Parallel Programming with Threaded Programs

An argument for threads as distributed programming primitives

Trent Larson

December 18, 1998

Abstract

The native Java language supports threads and uses monitors for writing threadsafe programs. This paper explores how threaded programs can be converted to parallel programs without user intervention. In particular, we show how to convert threaded programs, written in standard Java for a standard JVM on one machine, into programs that can be run on multiple, heterogeneous machines over the internet using standard MPI calls. We examine the issues of message passing and shared memory to optimize for speed.

  1. Introduction
  2. Modern, general-purpose languages support multiple threads of execution, either natively or in libraries. The most recent addition to this family, Java, gives threads first-class status as objects and makes it simple to create and run threads. This alone is sufficient for a programmer to write a distributed program.

    Unfortunately, general purpose languages (including Java) don't natively support intra-processor communication, and the common way to correct this shortcoming is to provide language extensions or non-portable libraries. However, we believe that threads are a good abstraction for distributed computation; while other mechanisms may improve performance, they are most useful as optimizations and may often be automated. Of course, performance is the whole goal of parallel processing, and properly so. Our goal is simply to show that basic threads are enough to build distributed applications.

    From a program organization standpoint, there are two main paradigms in distributed computing: shared memory and message passing. Each method seems more natural for particular problems. Shared memory is very useful for recording the current search space in discrete optimization problems, and message passing is useful for multiple nodes to communicate values to neighbors in finite element problems. We will evaluate how threaded computations that use one or the other method can be transformed for execution on separate processors.

    The next section discusses background and related work. Section 3 shows how threads that pass messages to one another can be translated to standard MPI programs. Section 4 shows how threads that share memory can be translated.
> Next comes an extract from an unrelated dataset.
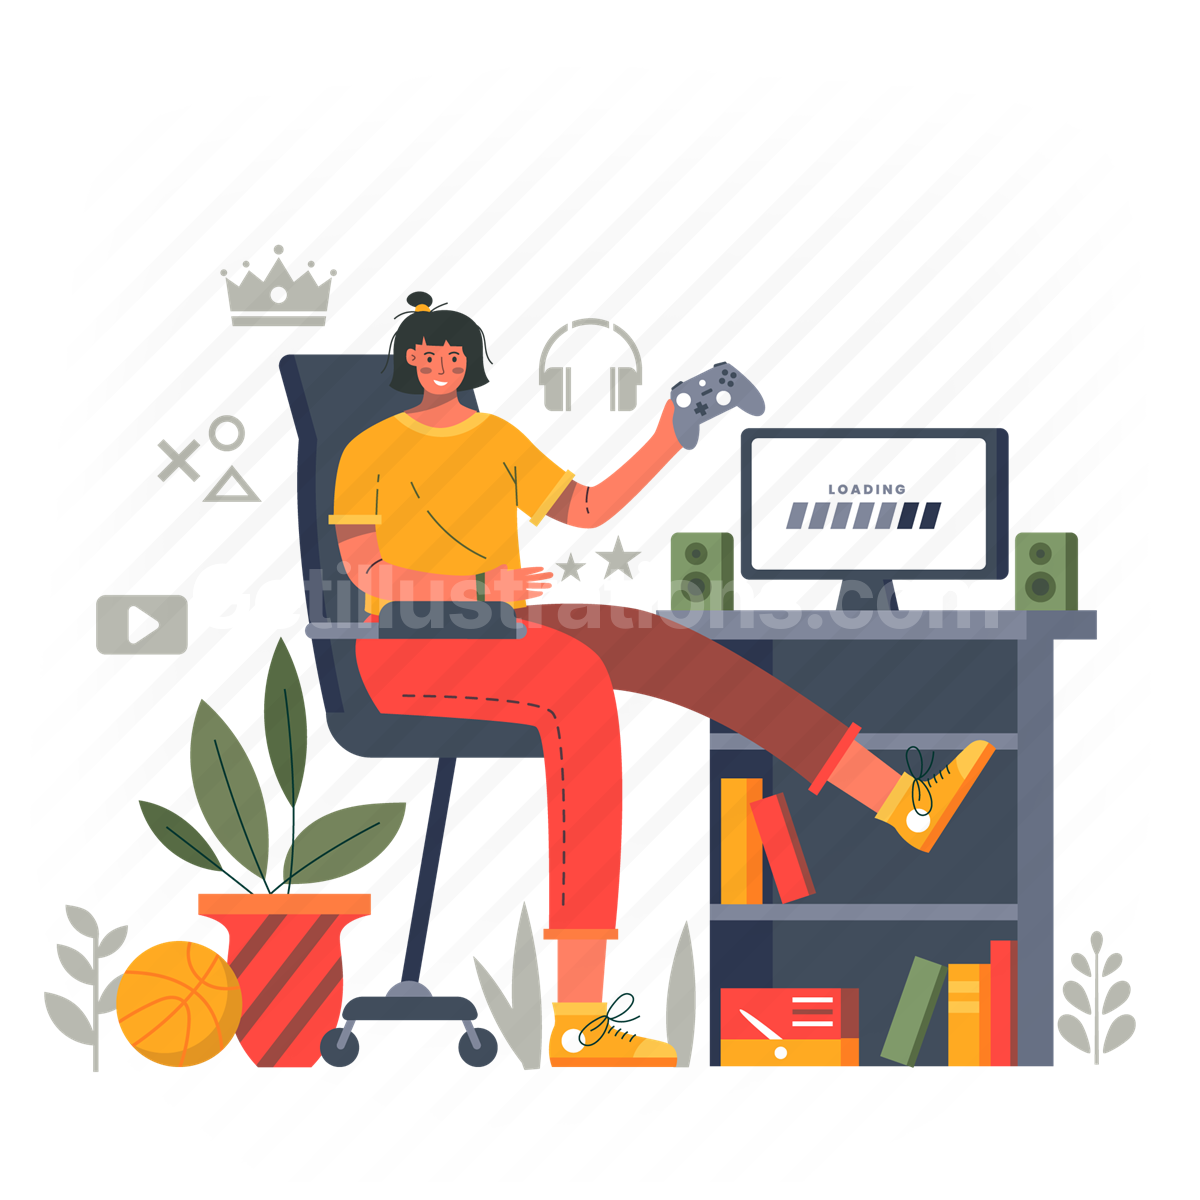 video game, computer, gaming, controller, furniture, headphone, woman, people, monitor

Section 5 offers some final thoughts and honest opinions of this work.

  3. Background and Related Work
  4. In this section, we present the basic ideas behind our work and the tools we use for our implementation, called Thread-Slinger. We also discuss some related work currently going on and contrast it with our approach.

    1. Background
      1. Language
      2. For communicating processes, users have a choice of languages and standards. We chose to work with the current language fad, Java, because it is portable in both source- and byte-code forms. It also has language mechanisms to support threaded programming.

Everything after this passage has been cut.